What the exercise asks:
Exactly the lines from the one holding "Banarasi Pure Katan" through the last line of the listing below must appear in the answer, and no pictures.

───── Supplied information ─────

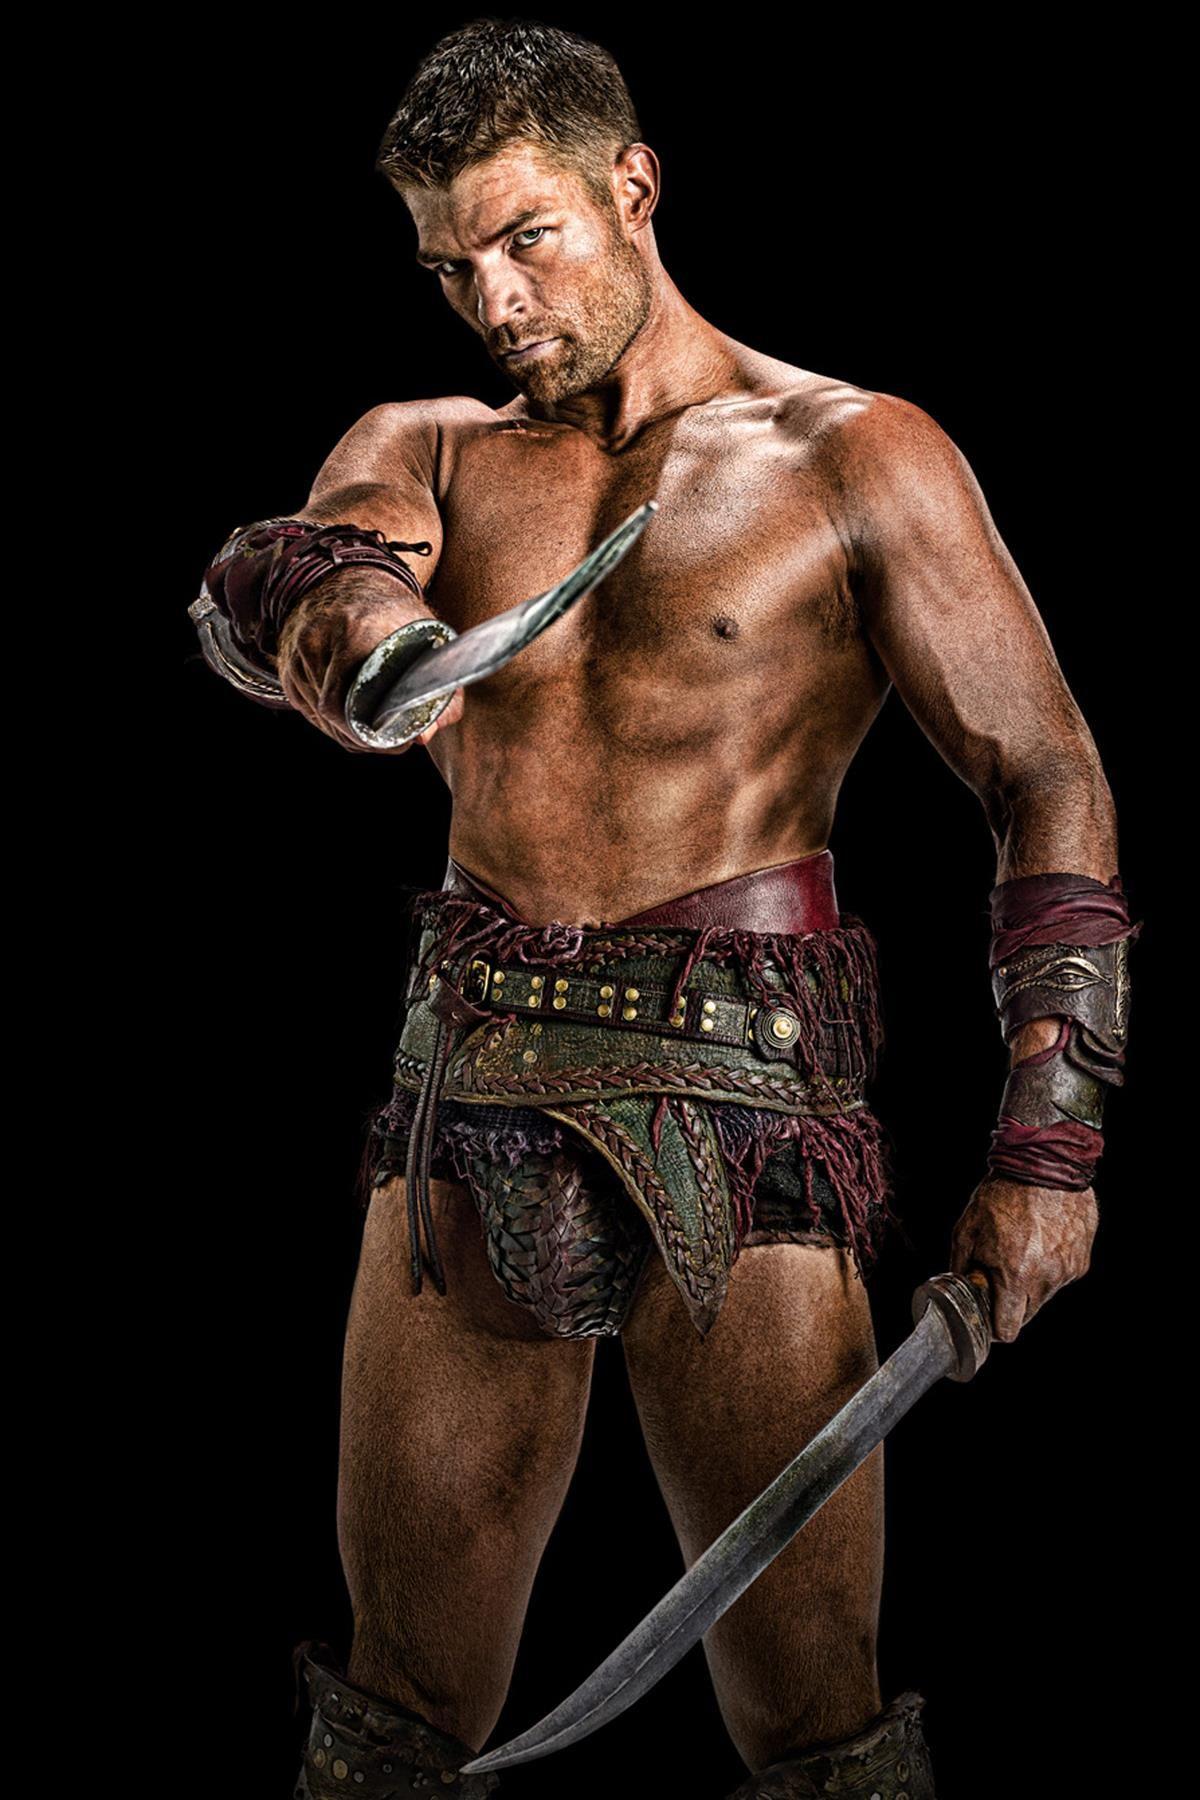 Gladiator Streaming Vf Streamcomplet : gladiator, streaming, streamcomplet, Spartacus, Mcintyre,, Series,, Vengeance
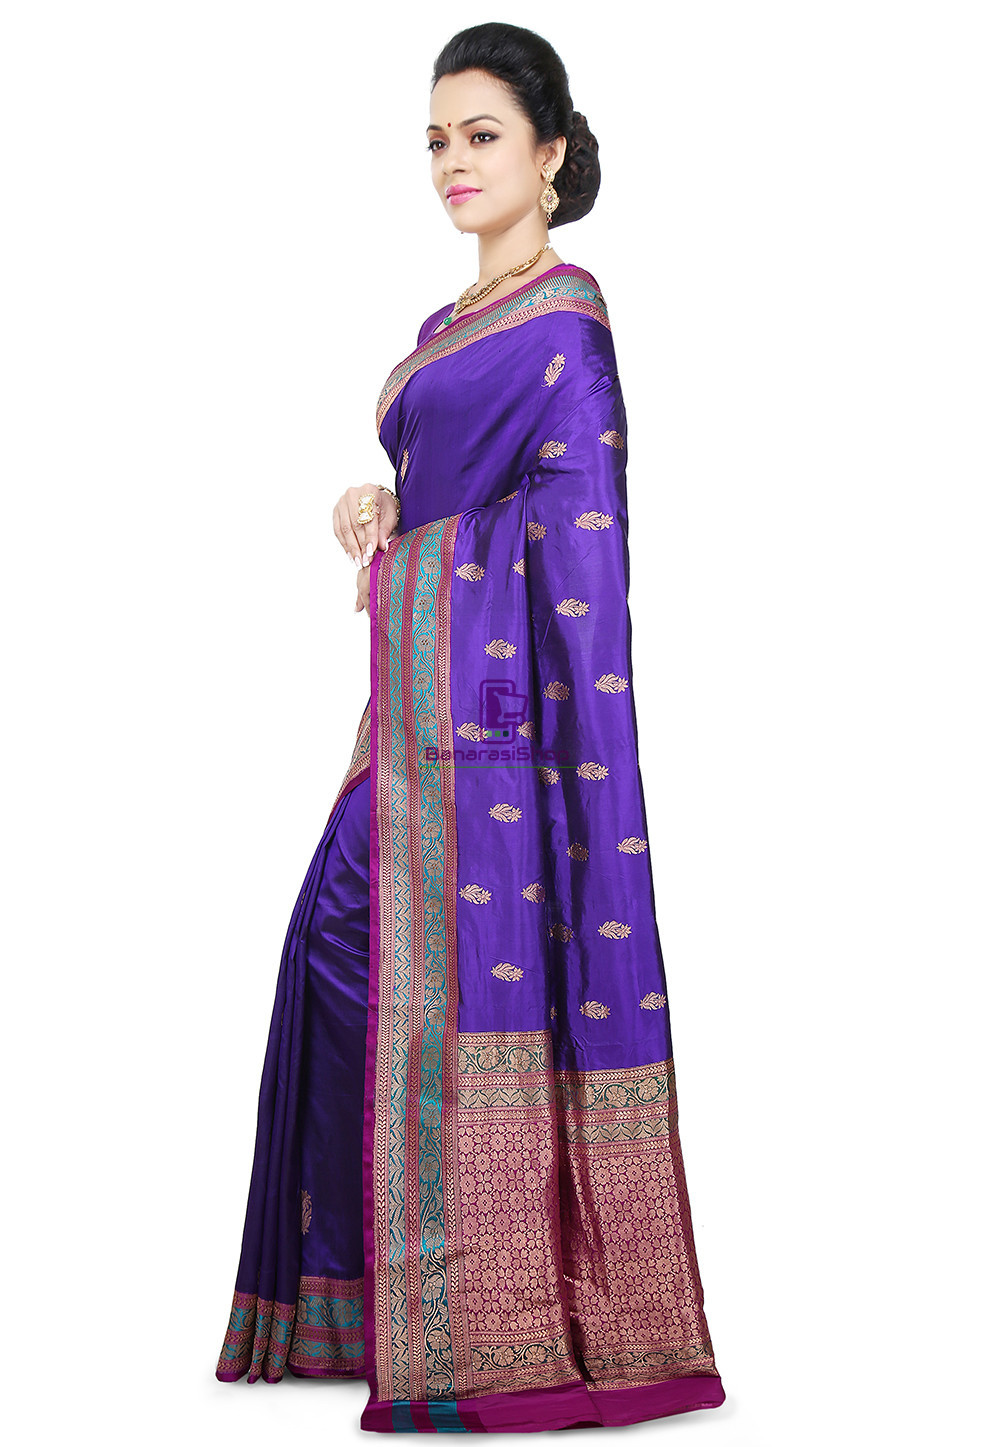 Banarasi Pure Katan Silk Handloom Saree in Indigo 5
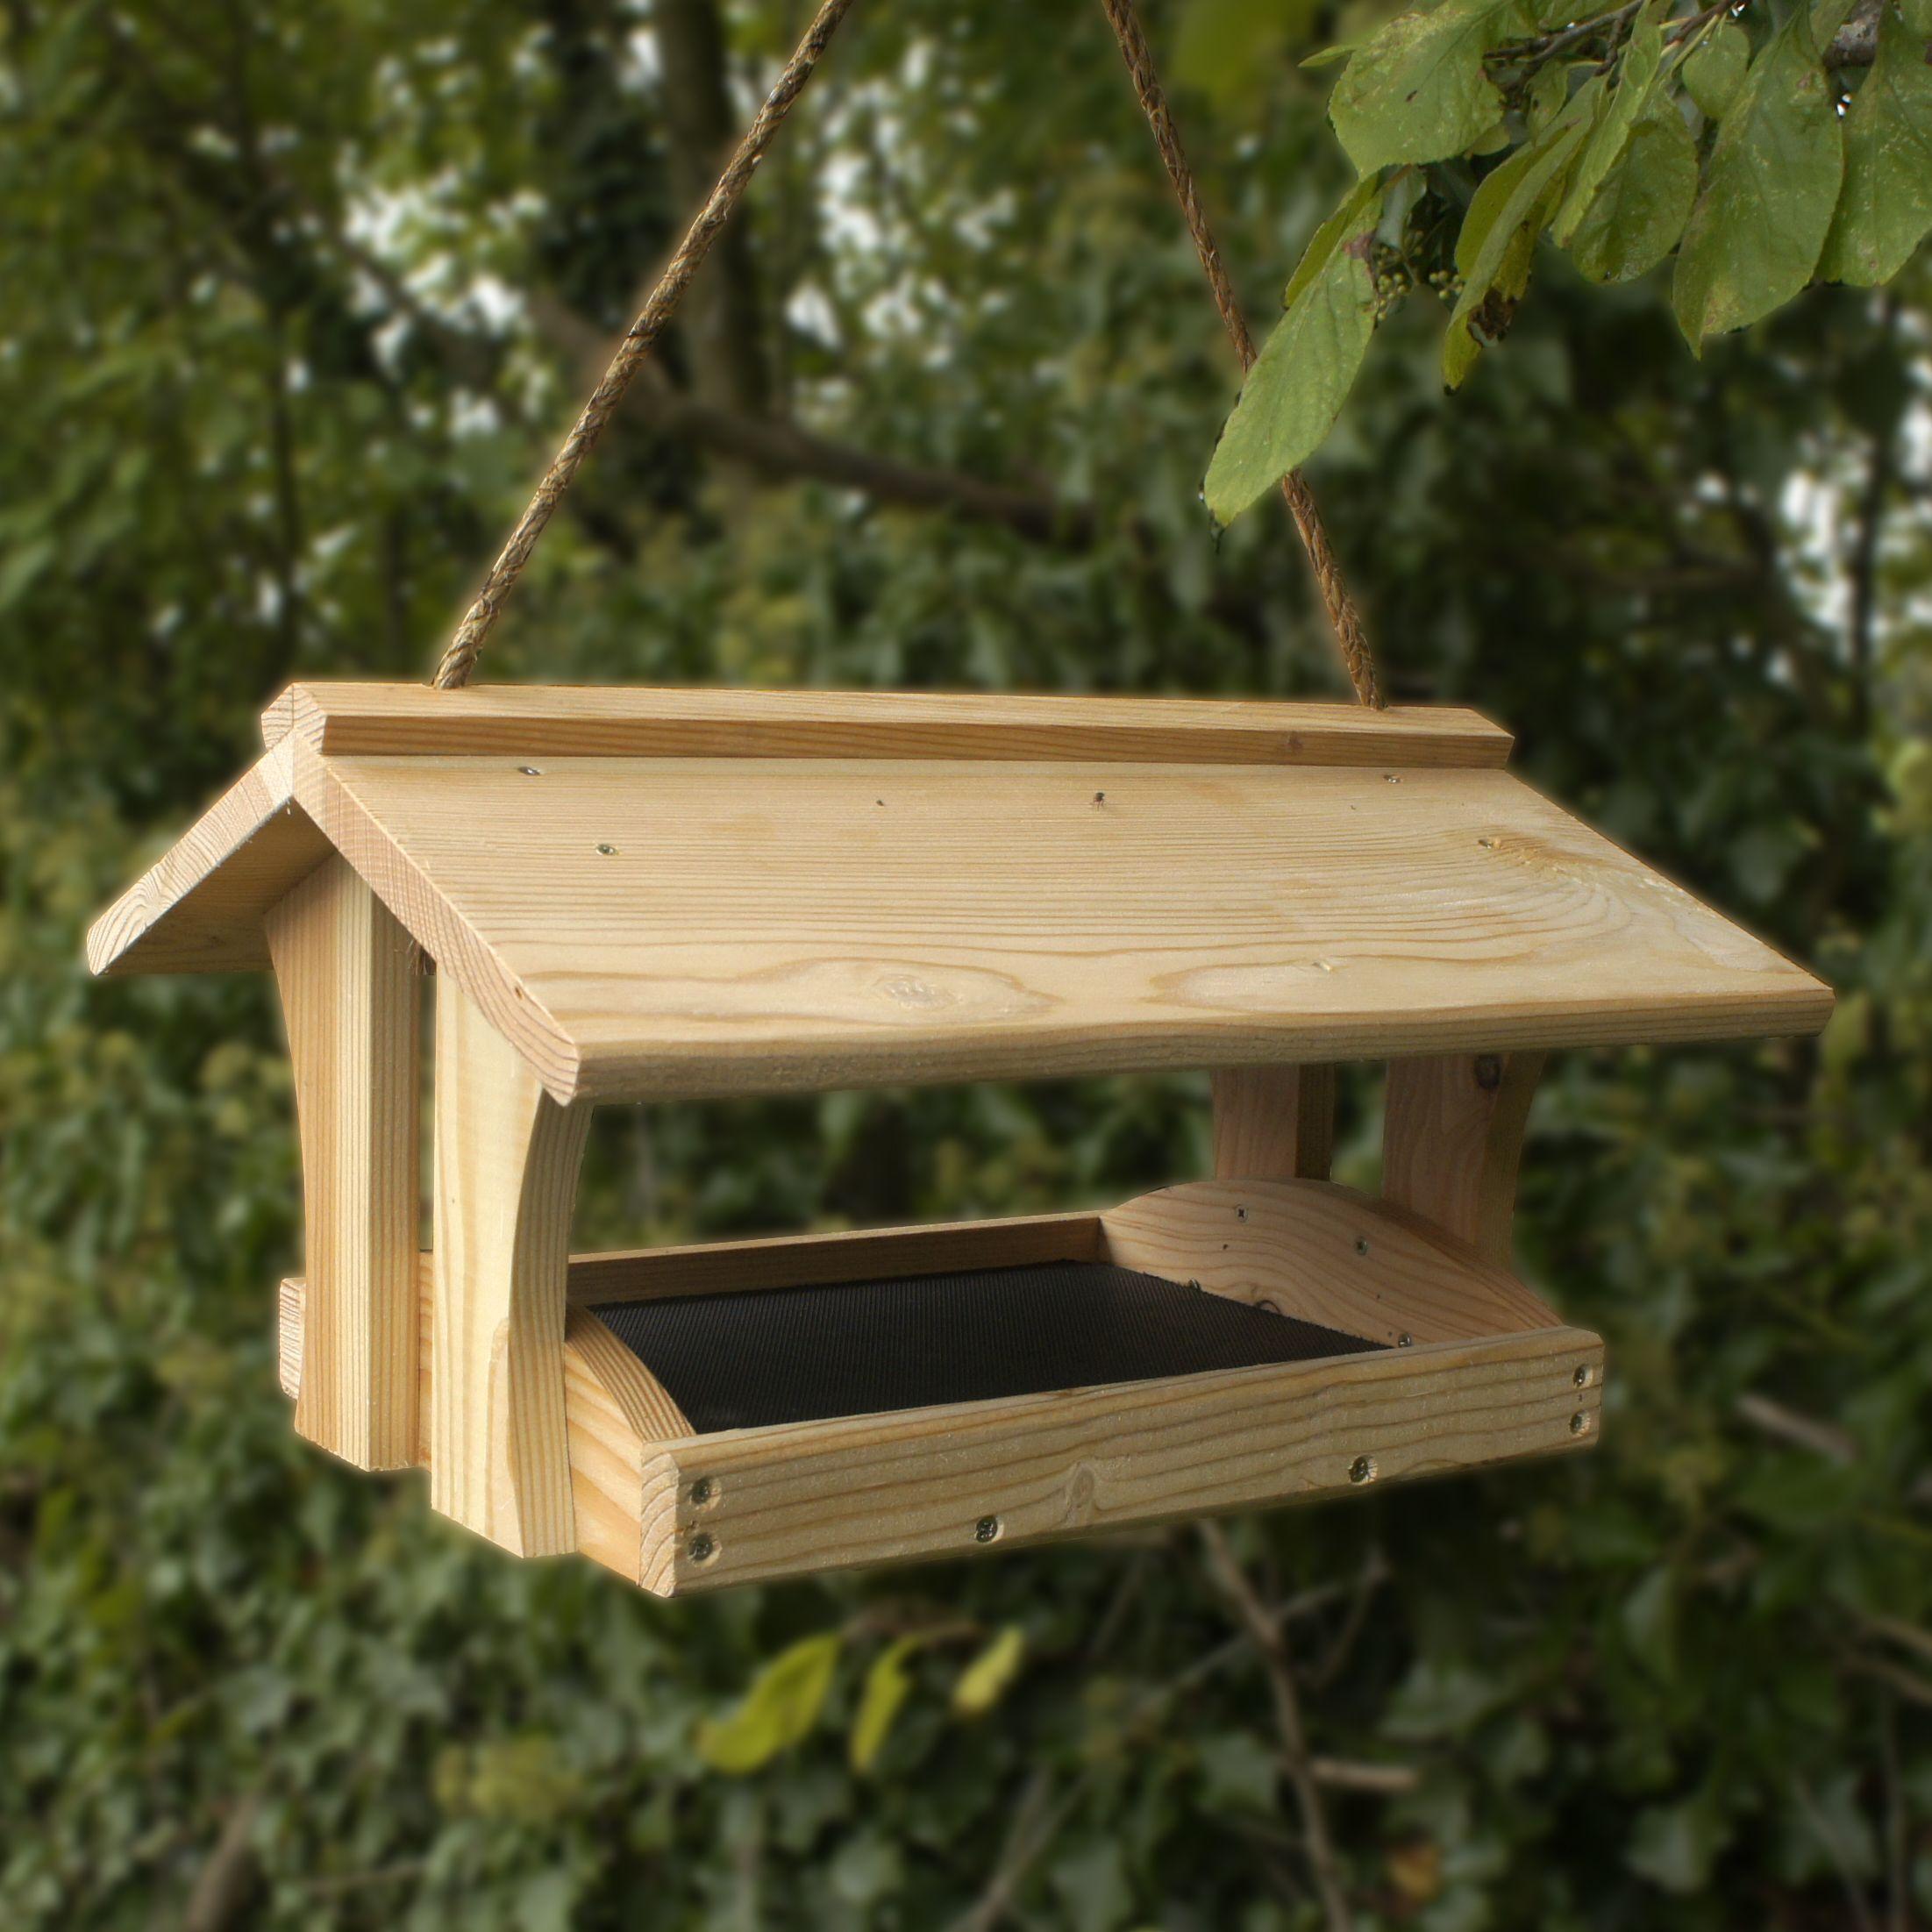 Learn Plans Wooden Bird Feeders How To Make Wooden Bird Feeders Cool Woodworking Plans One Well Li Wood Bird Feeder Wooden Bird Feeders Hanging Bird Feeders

─────

Result of the exercise:
 Banarasi Pure Katan Silk Handloom Saree in Indigo 5
 Learn Plans Wooden Bird Feeders How To Make Wooden Bird Feeders Cool Woodworking Plans One Well Li Wood Bird Feeder Wooden Bird Feeders Hanging Bird Feeders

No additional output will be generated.